Een aantal maanden geleden kocht ik vier sierasperges. Sierasperges zijn een beetje ouderwetse planten, maar ik krijg er een huiselijk gevoel van – misschien omdát ze ouderwets zijn. Maar het huiselijke gevoel begint in mijn logeerkamer te wijken. De sierasperge die daar leeft heeft besloten om voor hulk te gaan spelen.
Eigenlijk wilde ik maar twee sierasperges kopen, maar toen ik in het tuincentrum was, zagen ze er erg klein uit. Ik dacht dat ik er twee nodig had voor één pot. Dat bleek bij thuiskomst een misrekening, zodat ik op zoek moest naar ruimte voor mijn planten. Eentje kwam op een plek die te donker was en redde ik net voordat hij bruin was. Hij herstelt nog. Eentje staat in de keuken en vergroeit daar met de luxaflex. De derde staat op de boekenkast en groeit naar beneden, precies zoals ik hoopte.
Maar die vierde… die staat in de logeerkamer, met uitzicht op het noorden. Misschien vindt hij het er te donker en is hij op zoek naar licht. De laatste paar weken schieten er tentakels op uit de plant. In het begin dacht ik: ‘Mooi, nieuwe takjes!’ Nu denk ik: ‘Lieve help, hij neemt mijn huis over.’
De tentakels hebben de deur naar mijn balkon bereikt.
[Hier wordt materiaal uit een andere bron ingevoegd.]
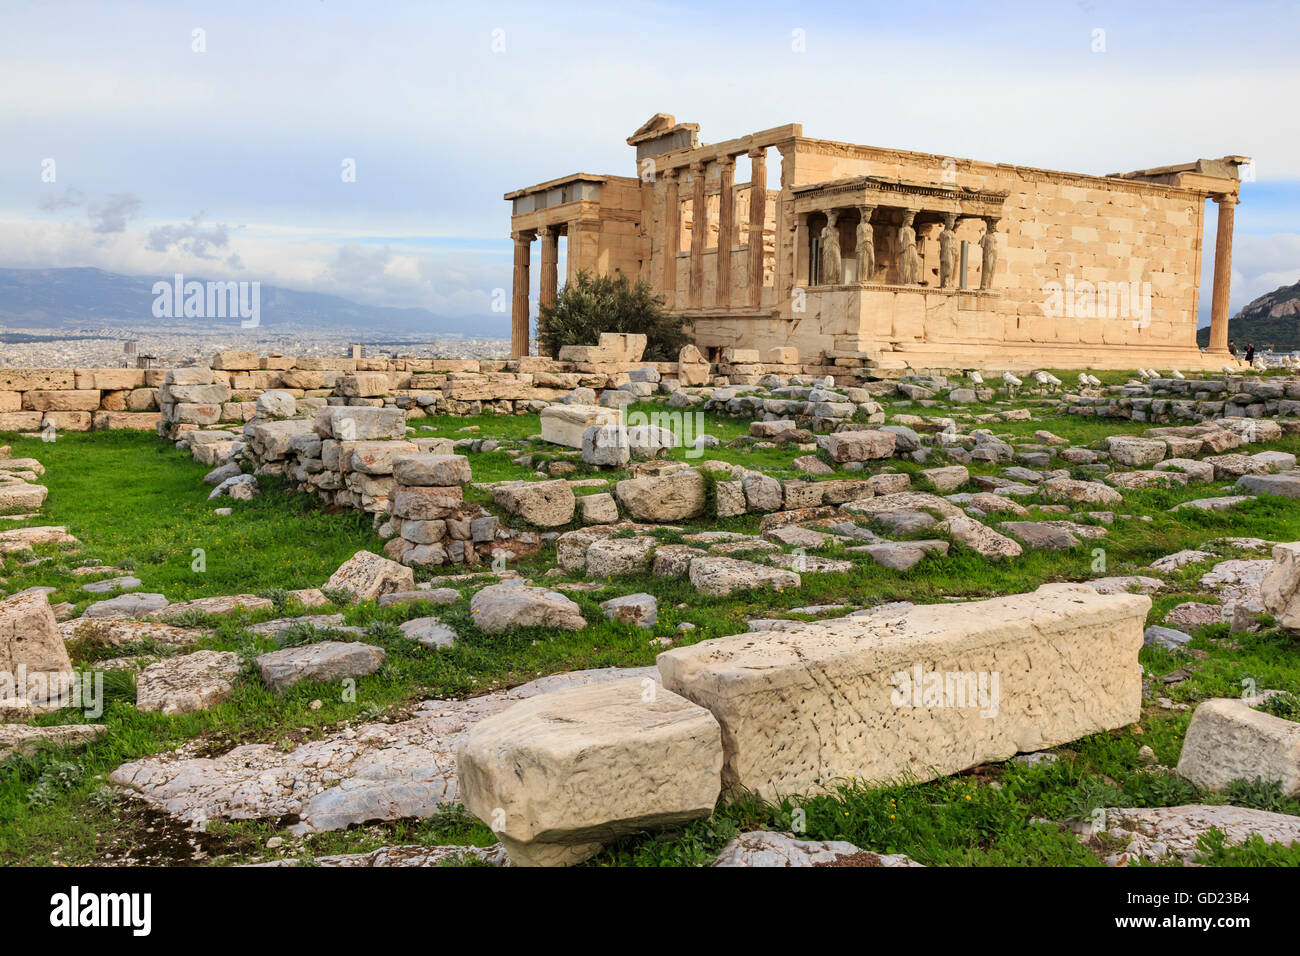 Erechtheion, with Porch of the maidens or Caryatids, Acropolis, UNESCO World Heritage Site, Athens, Greece, Europe Stock Photo
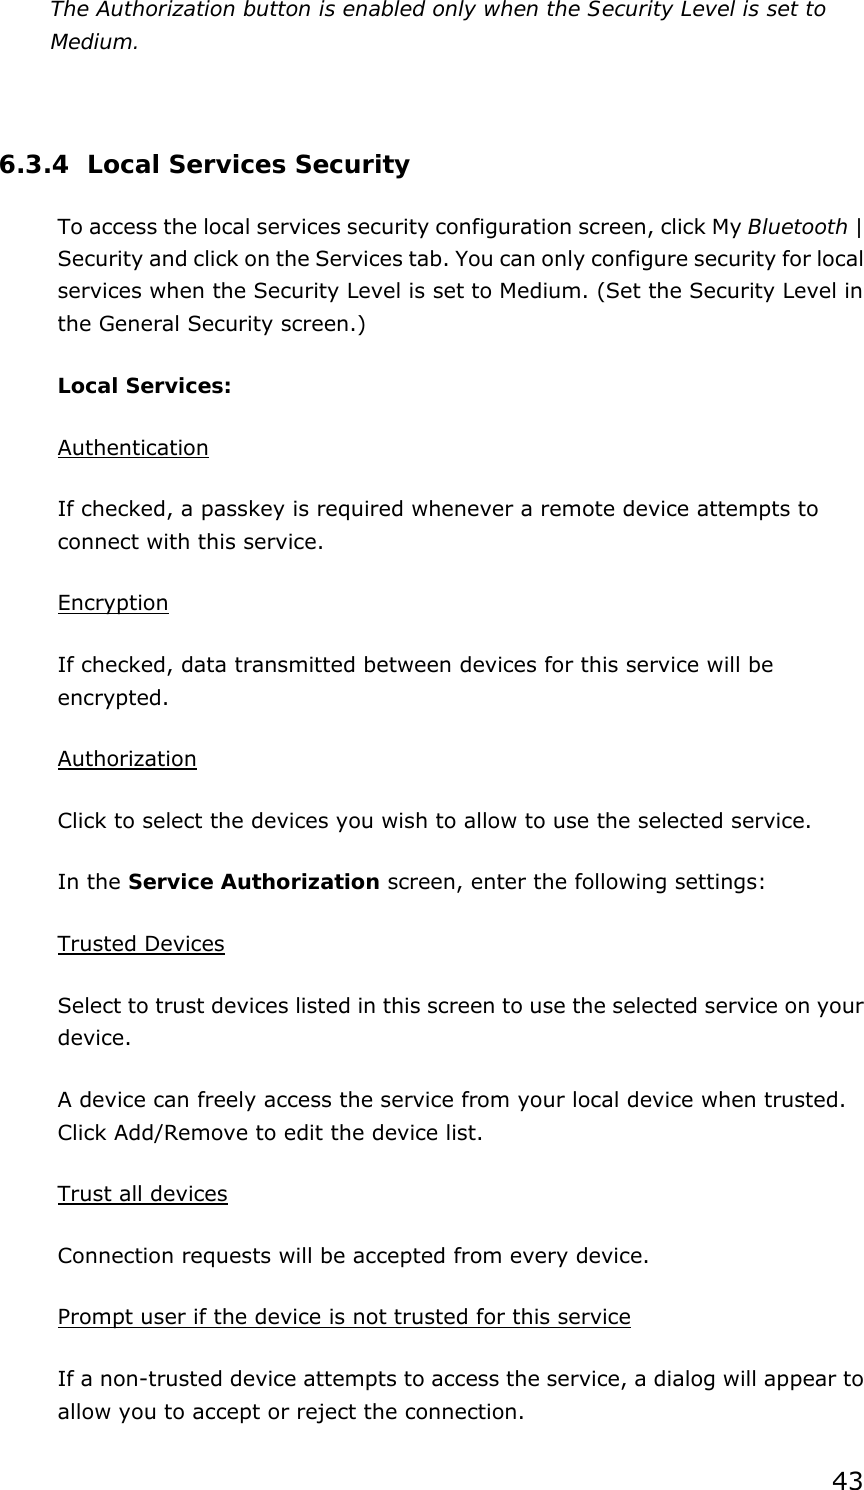 43 The Authorization button is enabled only when the Security Level is set to Medium.    6.3.4 Local Services Security To access the local services security configuration screen, click My Bluetooth | Security and click on the Services tab. You can only configure security for local services when the Security Level is set to Medium. (Set the Security Level in the General Security screen.) Local Services: Authentication If checked, a passkey is required whenever a remote device attempts to connect with this service. Encryption If checked, data transmitted between devices for this service will be encrypted. Authorization Click to select the devices you wish to allow to use the selected service. In the Service Authorization screen, enter the following settings: Trusted Devices Select to trust devices listed in this screen to use the selected service on your device. A device can freely access the service from your local device when trusted. Click Add/Remove to edit the device list. Trust all devices Connection requests will be accepted from every device.   Prompt user if the device is not trusted for this service If a non-trusted device attempts to access the service, a dialog will appear to allow you to accept or reject the connection.

Ik gun een plant zijn groei – ik juich het zelfs toe – maar ik begin me wel af te vragen of ik dit jaar op mijn balkon zal kunnen zitten. Misschien zal de plant de weg versperren. Ik vraag me ook af of andere takken ruzie met elkaar hebben: ze wringen zich om elkaar heen alsof ze eisen dat de een de ander ondersteunt.
Gisteravond ging ik even bij de sierasperge staan. Als ik mijn tanden poets kan ik nooit in de badkamer blijven. Ik loop rond, meestal naar de logeerkamer, waar ik uitkijk over het water (ik vraag me af hoe lang ik dat kan blijven doen; misschien is straks het raam dichtgegroeid). Ik kijk naar de sierasperge, verbaas me er weer over hoe groot hij wordt, en vraag me af hoe ik hem duidelijk kan maken dat hij het niet moet overdrijven.
‘Ik heb je gehoord hoor,’ zegt de sierasperge. Ik weet niet precies hoe hij praat en hoe ik hem hoor. Het lijkt of de tentakels een klein beetje wiegen in wind die er niet is in een dichte kamer. De stem die ik hoor is luchtig, ijl en niet onvriendelijk.
Ik kijk naar de fijne, naaldvormige blaadjes van de asperge, de blaadjes die mij zo’n huiselijk gevoel geven. Als alle tentakels deze blaadjes zullen vormen, zich zullen uitspreiden zoals ze bedoeld zijn, dan… heb ik een erg grote plant en weinig ruimte, maar komt er ook veel nieuwe schoonheid in mijn huis.
‘Nou,’ zegt de plant, heel neutraal. ‘Wat denk je? Moet ik me aanpassen, iel en smal worden? Of mag ik zo groot worden als ik kan zijn?’
Ik geef nog steeds geen antwoord. Op de een of andere manier lijken de vragen van de sierasperge uiterst betekenisvol, alsof hij een filosoof of een theoloog is. Maar dat is hij natuurlijk niet. Ik heb hem als een klein plantje in het tuincentrum gekocht.
‘Schijnbaar klein plantje,’ corrigeert de sierasperge. ‘Toen je thuiskwam realiseerde je je dat je een grotere pot nodig had dan je had gedacht. Je hebt me in een heel grote pot gezet en die probeer ik te vullen. Dat is toch goed?’
‘Maar ik heb ook een grote pot nodig,’ roep ik. En haastig erachteraan: ‘Oké, dat klinkt raar als je het over een mens hebt. Ik bedoel dat ik ook ruimte nodig heb. Jij moet niet de hele kamer vullen.’
‘Dat doe ik niet. En dit is de logeerkamer. Stel je maar voor dat ik hier logeer.’
‘Eigenlijk is dit mijn werkkamer. Hier schrijf ik. Dat is het belangrijkste wat ik doe. Of misschien niet het belangrijkste, maar het vóélt als het belangrijkste.’
‘En als je dan even geen inspiratie hebt, kijk je naar mij. Dan zie je hoe mooi en groot je kunt zijn.’
‘Groot? Ik wil afvallen!’
De sierasperge is even stil. ‘Dan zie je hoe mooi en groot je kunt zijn,’ herhaalt de sierasperge. Hij ruist heel zacht, en ik zwijg.